Sandia’s new reliance on industry comes at an opportune time. Companies have grown more comfortable with the idea of outsourcing all kinds of tasks, so letting outsiders work on their research is not as radical as it would have been in the do-it-yourself ’80s. Moreover, many have formed strategic alliances with suppliers and competitors, which has made them less averse to sharing their technologies with others.

“The thinking is, it is better to get half the rights to a product that is first to market, than all the rights to one that comes in late,” said Mary Good, a former undersecretary of commerce who helped set up a project for the auto industry and several national laboratories to develop a fuel-efficient car.

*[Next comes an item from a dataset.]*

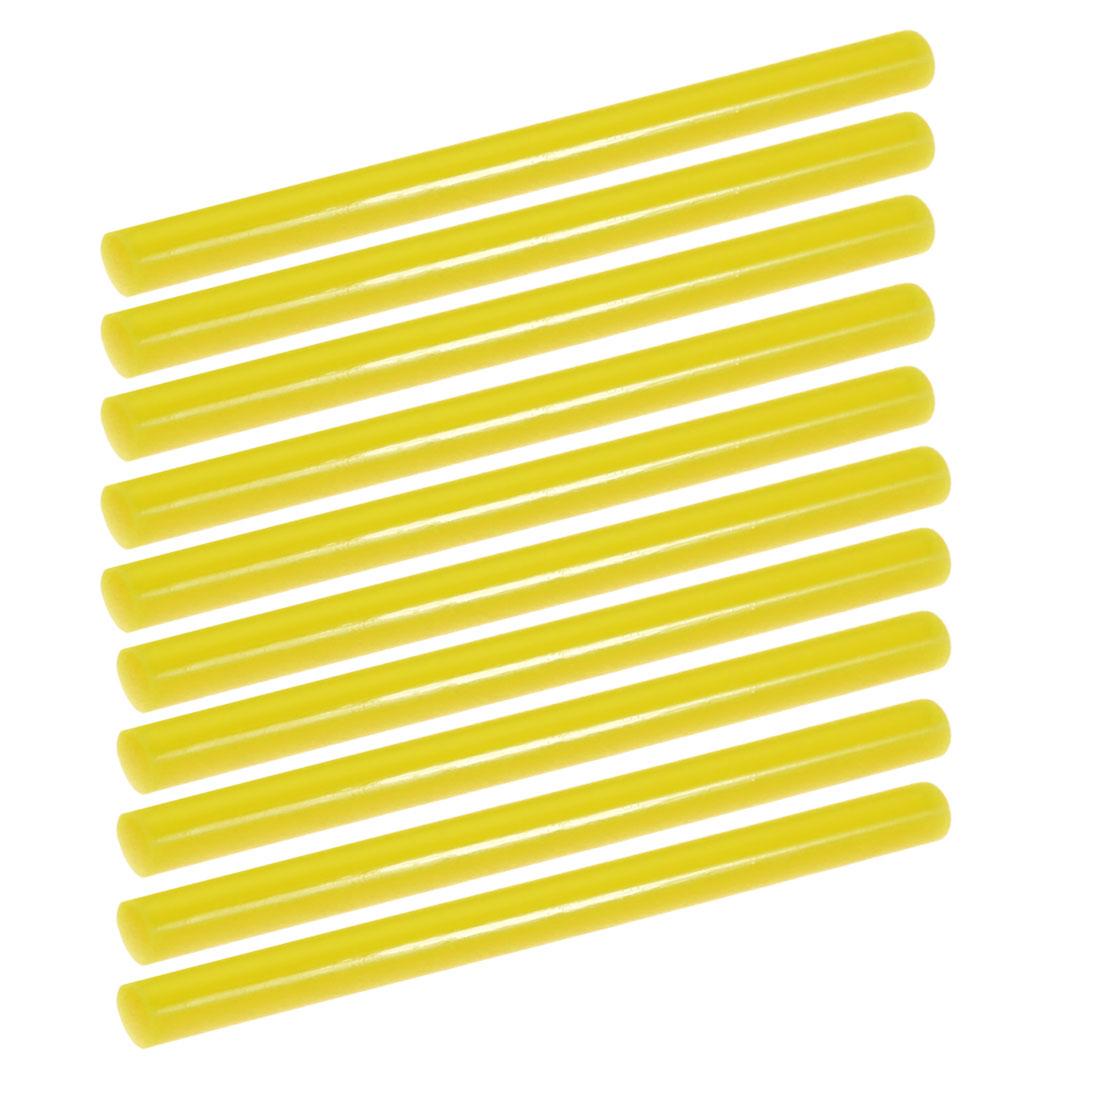 10pcs 7mm Dia 100mm Long Hot Melt Glue Adhesive Stick Yellow

If repeat business is a sign of satisfaction, the corporations that have tried it clearly believe they have gotten their money’s worth. Goodyear, which has completed four cooperative projects in which it used computer modeling to predict how different tread designs and materials would perform, just signed on for its fifth Sandia project. It is aimed at analyzing and improving rubber processing technology.

A deal between Delphi Saginaw Steering Systems, an arm of General Motors Corp., and Sandia to develop better finishing processes for auto parts has metamorphosed into a Detroit-wide project to develop electronic controls for industrial heating and hardening processes.

“We’ll save tens of millions just by eliminating destructive testing,” said James Farago, Delphi’s supervisor of controls engineering. “And we’re going to get better insights into the materials we use.”